4) Removal of all case records reported from Federal (Veteran Affairs [VA] and Department of Defense [DoD]) facilities.
Rationale: The American College of Surgeons has a unique BAA with the VA that restricts release of individual patient information, de-identified or otherwise.
5) Limiting adult files to patients who were 18 years old or older at diagnosis (18-90+).
6) Added precautions have been taken to ensure de-identification of hospitals and patients for any PUF file that contains pediatric diagnoses (<39). Identifying data items of facility location and facility type are unavailable.
Rationale: Cancer is rare among children, and these actions will protect individual identification information.
7) Removal from distributed PUFs all case records reported from Freestanding and Hospital Associate accredited cancer programs.
Rationale: These are a small set of programs that report fewer than 100 cases annually to the NCDB and are typically reported as “unknown” or “other” type of facility and are frequently excluded from analyses.
Impact: Collectively, these facilities report approximately 3,000 cases annually to the NCDB.
8) Removal from distributed PUFs all case records reported from accredited programs located in Puerto Rico.
Rationale: With the removal of Federal facilities from the PUF, the remaining accredited program located in Puerto Rico is uniquely exposed due to patient case mix considerations.
9) Collapse NCI centers into the same category of CoC-accredited programs as Teaching/Research hospitals in distributed PUFs.
Rationale: The potential to re-identify any a patient among NCD designated comprehensive cancer centers is high. Combining these centers with other Teaching/Research hospitals represents a reasonable precaution.
10) Provide unique facility and case identifiers in the PUFs.
Rationale: The NCDB collects and maintains reported case records using a combination of facility identification numbers and unique administrative codes maintained at the local reporting registry. The facility identification numbers and the cancer programs to which they correspond are in the public domain and can be accessed on the CoC web site. In order to allow investigators to identify separate reporting facilities and patients, unique identification numbers will be randomly assigned to each reporting facility and to each case record included in the PUF. A cross-walk to the NCDB analytic files for both the facility and patient level identification numbers will be retained by the CoC in order to facilitate any technical support or data review/reconciliation actions that may be required.

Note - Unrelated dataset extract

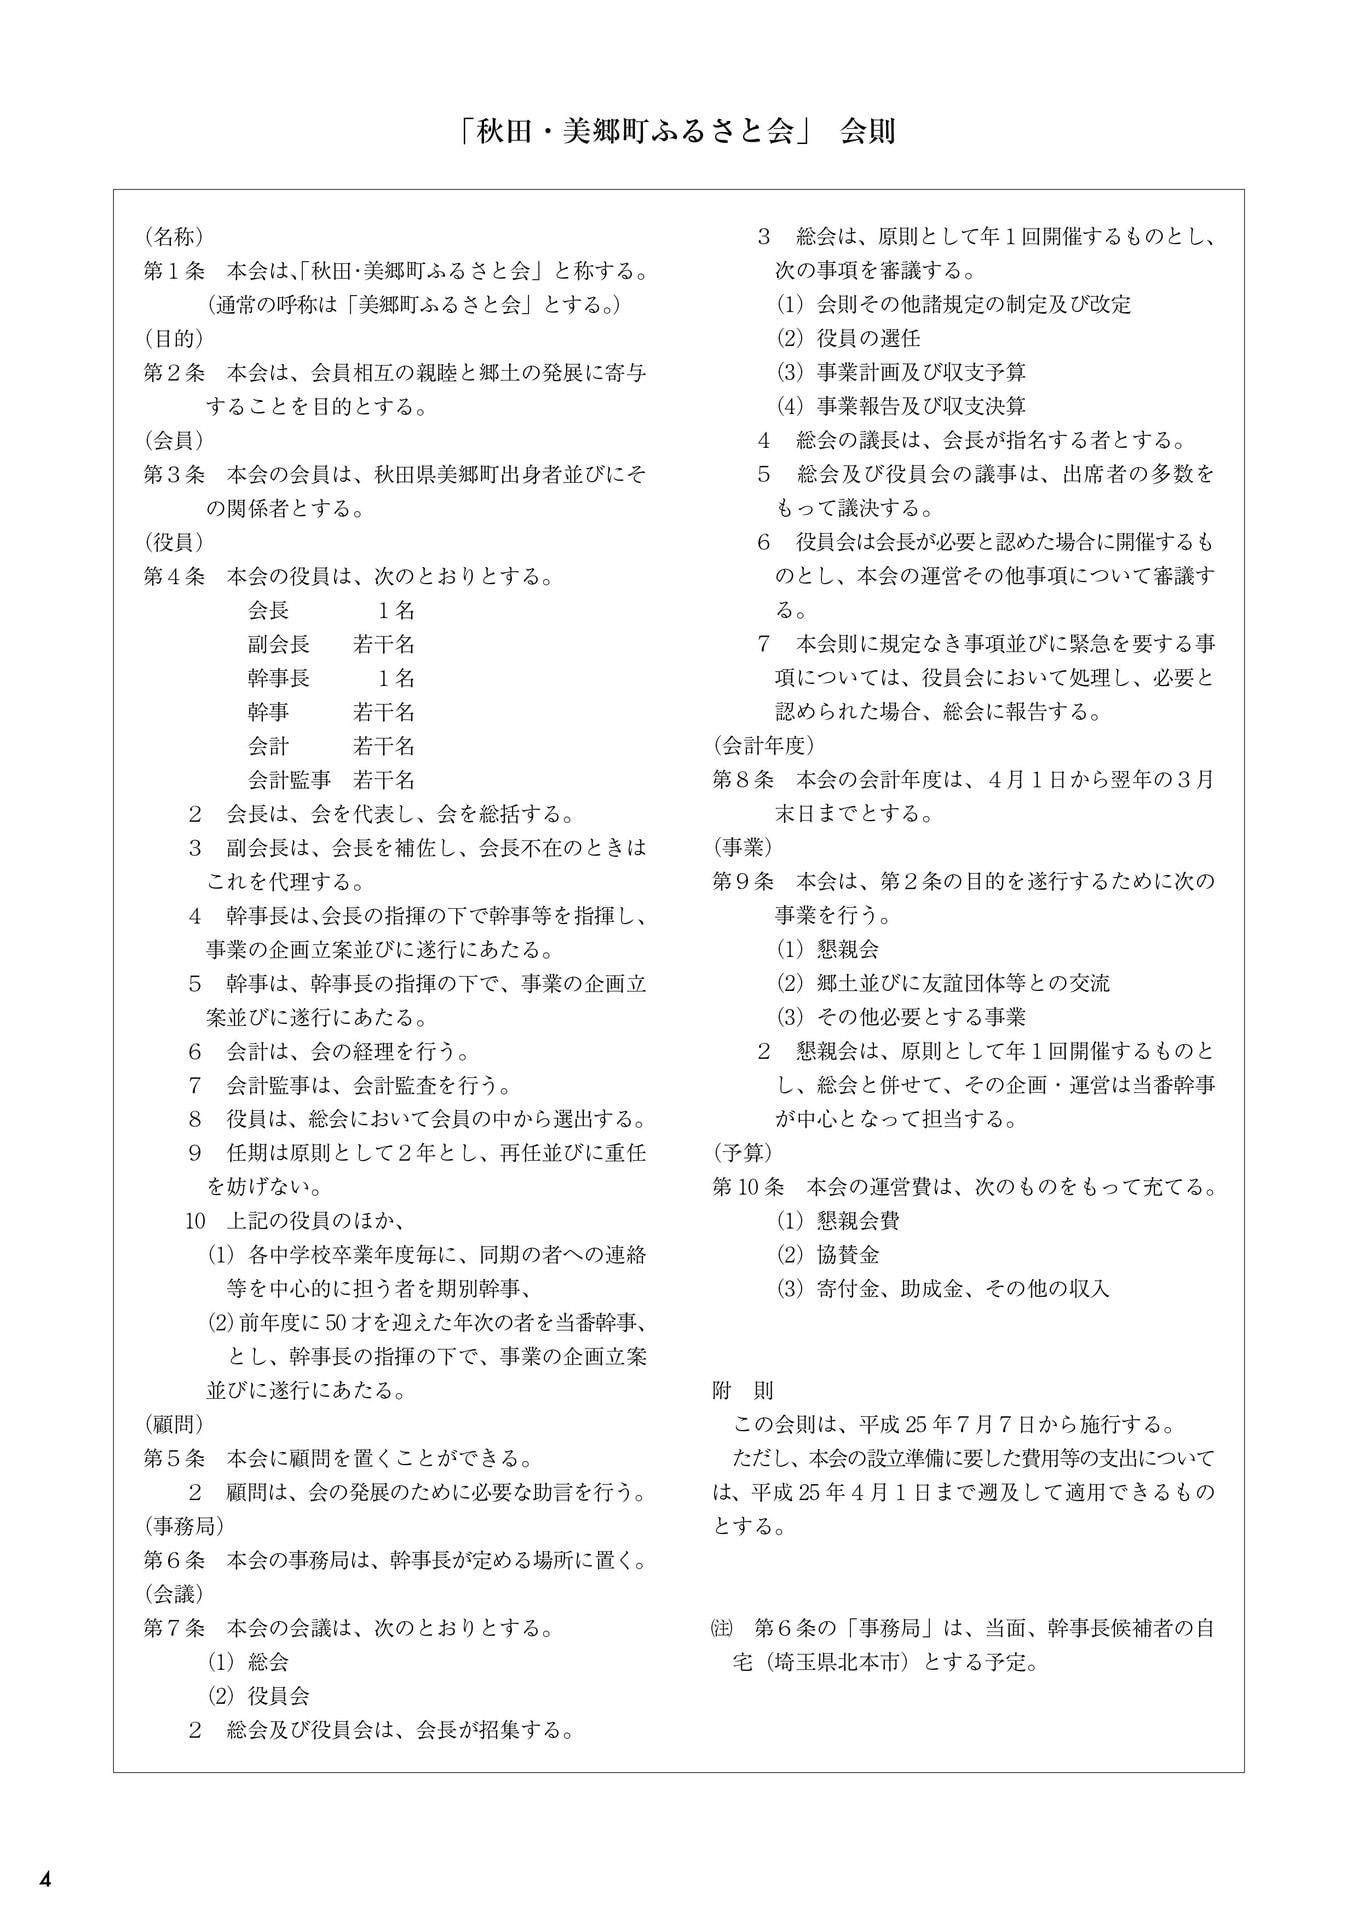 第1回秋田・美郷町ふるさと会パンフレット(会則)

11) Require that a data-use agreement be signed by the principle investigator prior to downloading the PUF. The PUF is the property of the American College of Surgeons. Principle Investigators may not copy or distribute provided data files, or profit from the sale or use of the data.
Rationale: The responsibility for protecting the data rests with the principle investigator. Therefore, assurances which specify that no attempt will be made, through direct or indirect means, to identify patients, hospitals, or providers using the data provided through the NCDB PUFs rests with the principle investigator, who holds the accountability for protection.
Removal of specific, patient-identifiable data or case records reported from specific types of cancer programs from distributed PUFs will not deleteriously affect analyses by investigators using the PUF data files derived from the NCDB.